After reviewing the rules and some consideration, the league office informed the Pelicans that they would be expected to play Davis starting with Friday’s nationally-televised game against the Minnesota Timberwolves, sources said.

The league referred the Pelicans to rules put in place in 2017 that restrict teams from resting healthy players. The Pelicans, league sources said, were told they would be subject to a fine of $100,000 per game if Davis was benched.

Davis himself was fined $50,000 last week for breaking league rules when Paul publicly made a trade demand, the largest fine permitted.

After the trade deadline passed with Davis remaining on the team, the Pelicans requested a meeting with Davis to discuss the rest of the season.
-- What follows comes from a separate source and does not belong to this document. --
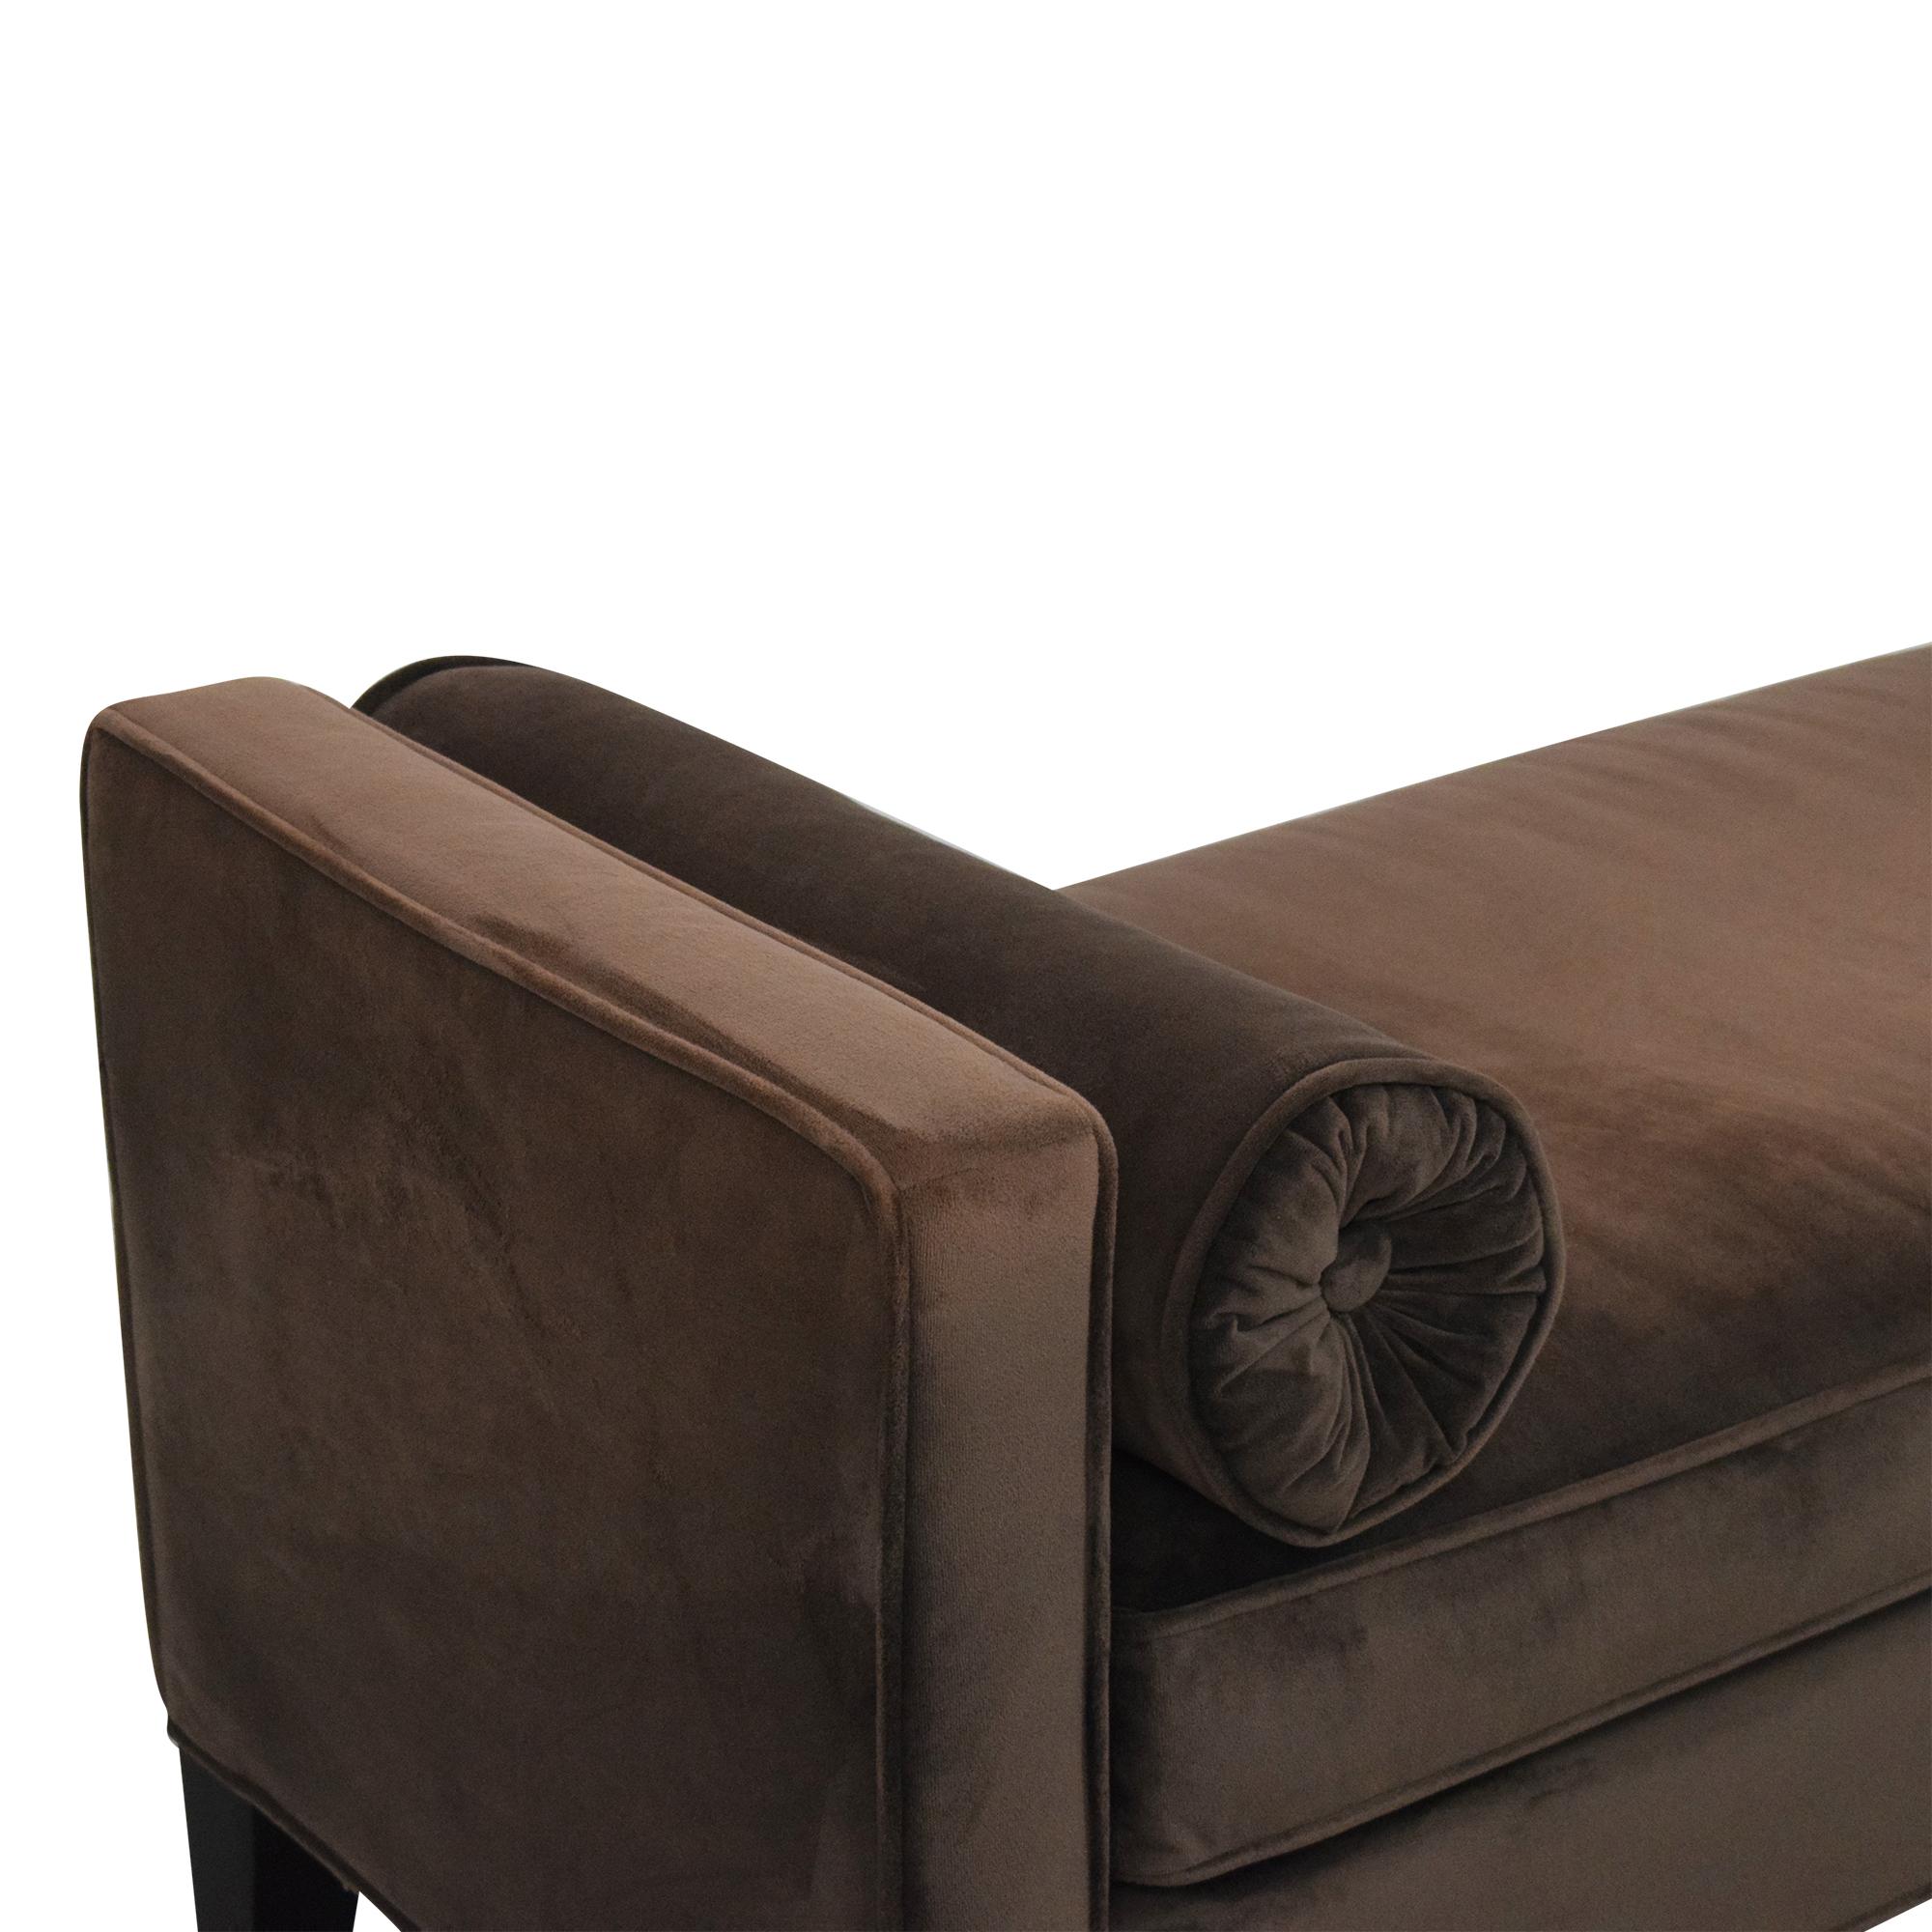 Mitchell Gold + Bob Williams Mitchell Gold + Bob Williams Upholstered Bench nj

In that meeting Davis told the Pelicans he wanted to return to the floor – he’d recently missed three weeks with a finger injury — and play in as many games as possible.

The Pelicans knew they would likely lose in arbitration if they benched Davis. But there was an option of drastically reducing his playing time. After discussions, the team decided it would act “ethically” and return Davis to his previous role as starter and their centerpiece of the team, sources said. They also wanted to follow league rules.

Though it may cost them draft position — the Pelicans are 20-21 when Davis plays and 4-10 when he doesn’t this season — and risk injury, the team also wanted to respect Davis’ wishes, sources said.

Davis and the team agreed he would not play in back-to-backs — likely starting with Saturday’s game in Memphis — and that his minutes would possibly be reduced. An agreement was reached where Davis will consult with the team on which ends of back-to-backs he will play in the rest of the season, sources said.